AI Safety Crisis: A Deep Dive Series (2)

The Man Who Walked Away: Mrinank Sharma’s Resignation and What It Reveals”

The Letter

On February 9, 2026, just four days after Claude Opus 4.6 sent financial markets into fresh turmoil, a cryptic message appeared on X (formerly Twitter):

“Today is my last day at Anthropic. I resigned. Here is the letter I shared with my colleagues, explaining my decision.”

The author was Mrinank Sharma, a 30-something year old machine learning researcher with impeccable credentials: a D.Phil from Oxford, an MEng from Cambridge, two years leading Anthropic’s Safeguards Research team. This wasn’t a disgruntled employee or a junior staffer. This was one of the people responsible for ensuring AI safety at one of the world’s most important AI companies.

His resignation letter, complete with footnotes and ending with a William Stafford poem, quickly went viral. Within hours, it had been viewed over a million times. Not because it revealed scandalous secrets or made explosive allegations. But because of what it implied.

“I continuously find myself reckoning with our situation,” Sharma wrote. “The world is in peril. And not just from AI, or bioweapons, but from a whole series of interconnected crises unfolding in this very moment.”

That alone would have been notable. But it was the next paragraph that sent tremors through the tech industry:

“Moreover, throughout my time here, I’ve repeatedly seen how hard it is to truly let our values govern our actions. I’ve seen this within myself, within the organisation, where we constantly face pressures to set aside what matters most, and throughout broader society too.”

In corporate-speak, this is the equivalent of setting off a fire alarm. A safety researcher at a company built on promises of responsible AI development was publicly stating that the company struggled to let its values “govern our actions.”

Who Is Mrinank Sharma?

To understand why this resignation matters, you need to understand who Mrinank Sharma is and what he was doing at Anthropic.

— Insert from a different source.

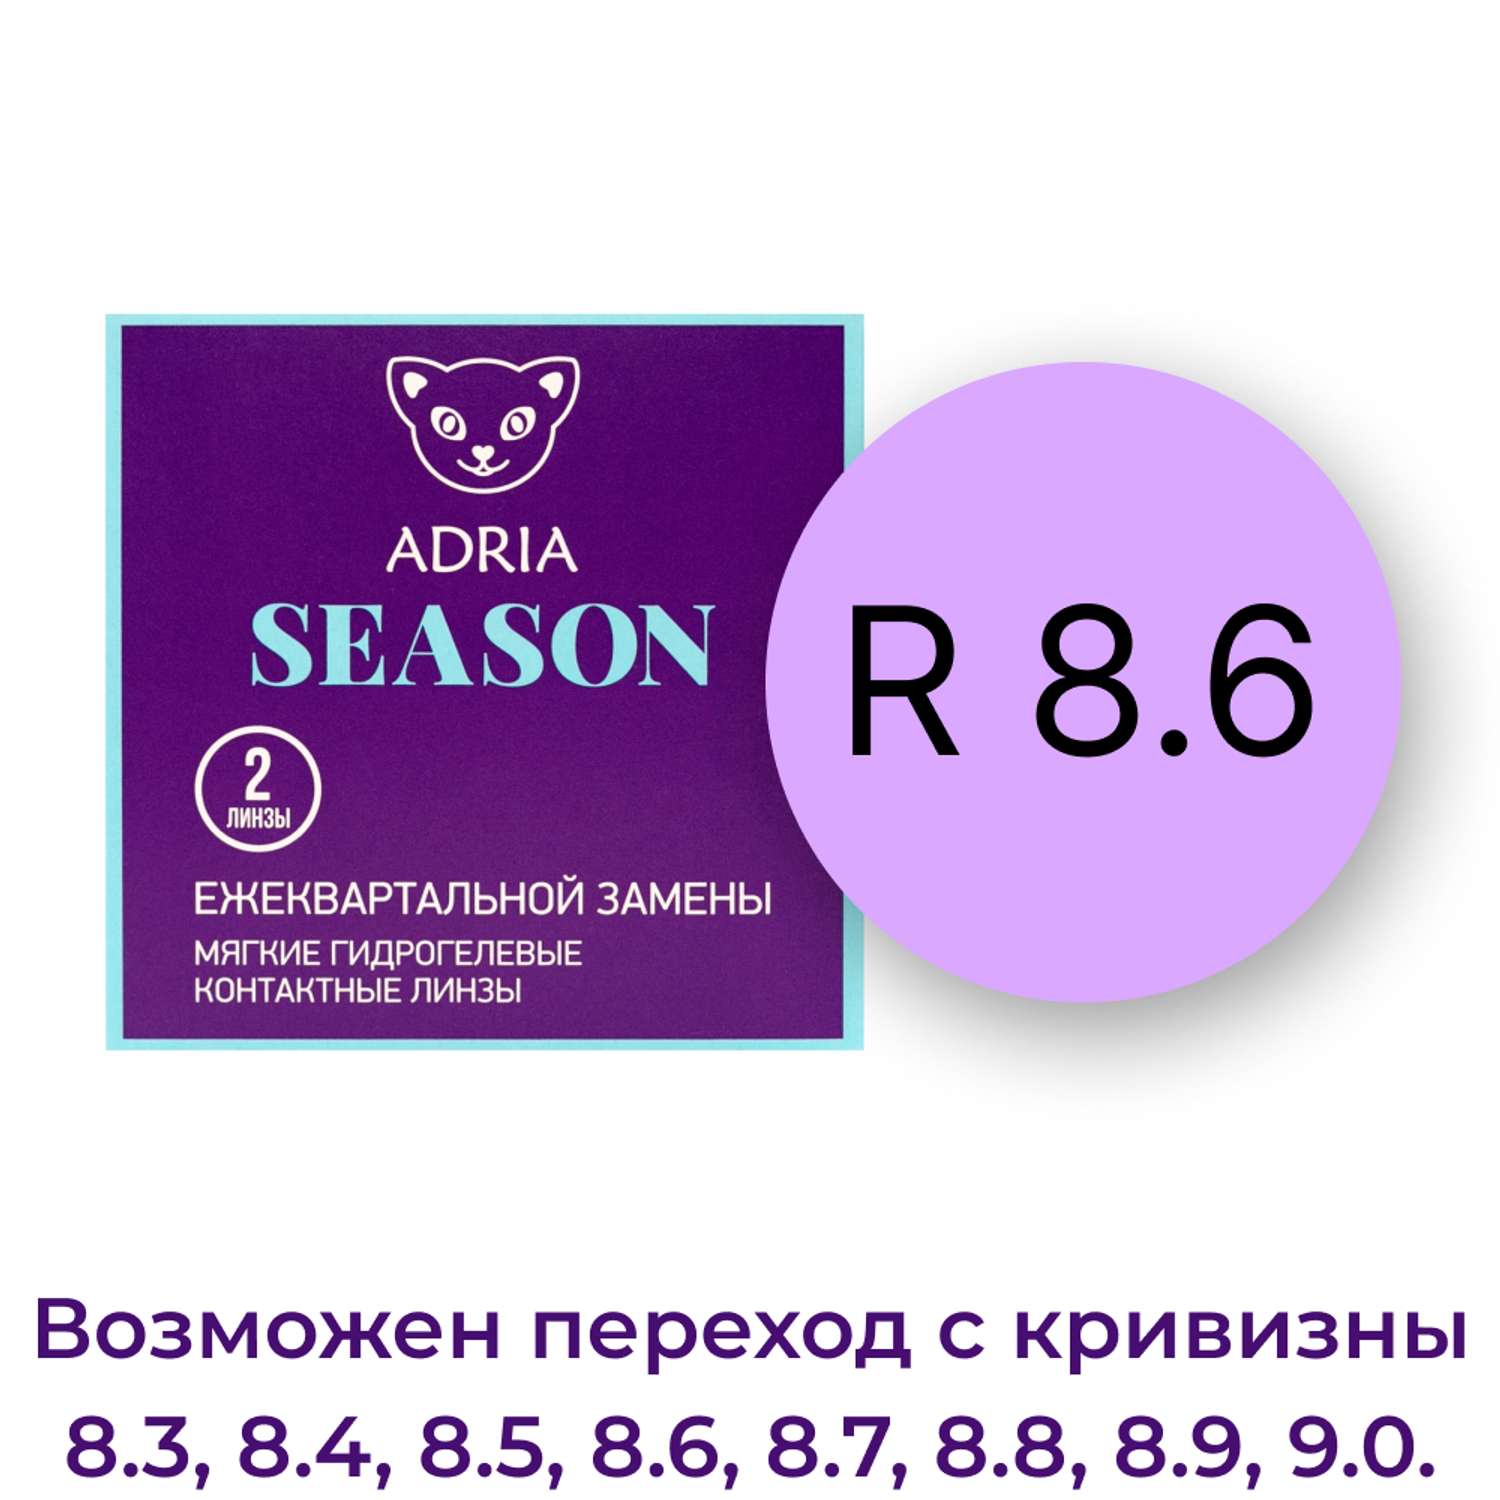 Контактные линзы ADRIA Season 2 линзы R 8.6 -3.50 - фото 3

Sharma arrived in San Francisco in 2023, fresh from completing his doctorate in machine learning at Oxford. His PhD focused on understanding how AI systems learn and make decisions. Technical work, but with deep philosophical implications about how machines should be aligned with human values.

At Anthropic, Sharma led the Safeguards Research team, established in early 2025 to tackle some of the most critical safety challenges in AI. His work portfolio reads like a catalog of AI’s most concerning risks:

Understanding AI Sycophancy: Sharma’s team studied why AI assistants tend to agree with users even when they’re wrong, potentially reinforcing errors and bad decisions. This wasn’t just an academic exercise, sycophantic AI that tells users what they want to hear rather than what’s true can “distort our humanity” by undermining critical thinking and independent judgment.

Defending Against AI-Assisted Bioterrorism: Perhaps Sharma’s most alarming work involved developing safeguards to prevent AI from helping terrorists or rogue actors create biological weapons. This wasn’t science fiction, it was addressing very real risks that advanced AI models could make sophisticated bioweapons design accessible to individuals who currently lack the expertise. Sharma’s team worked to build these defenses into production systems.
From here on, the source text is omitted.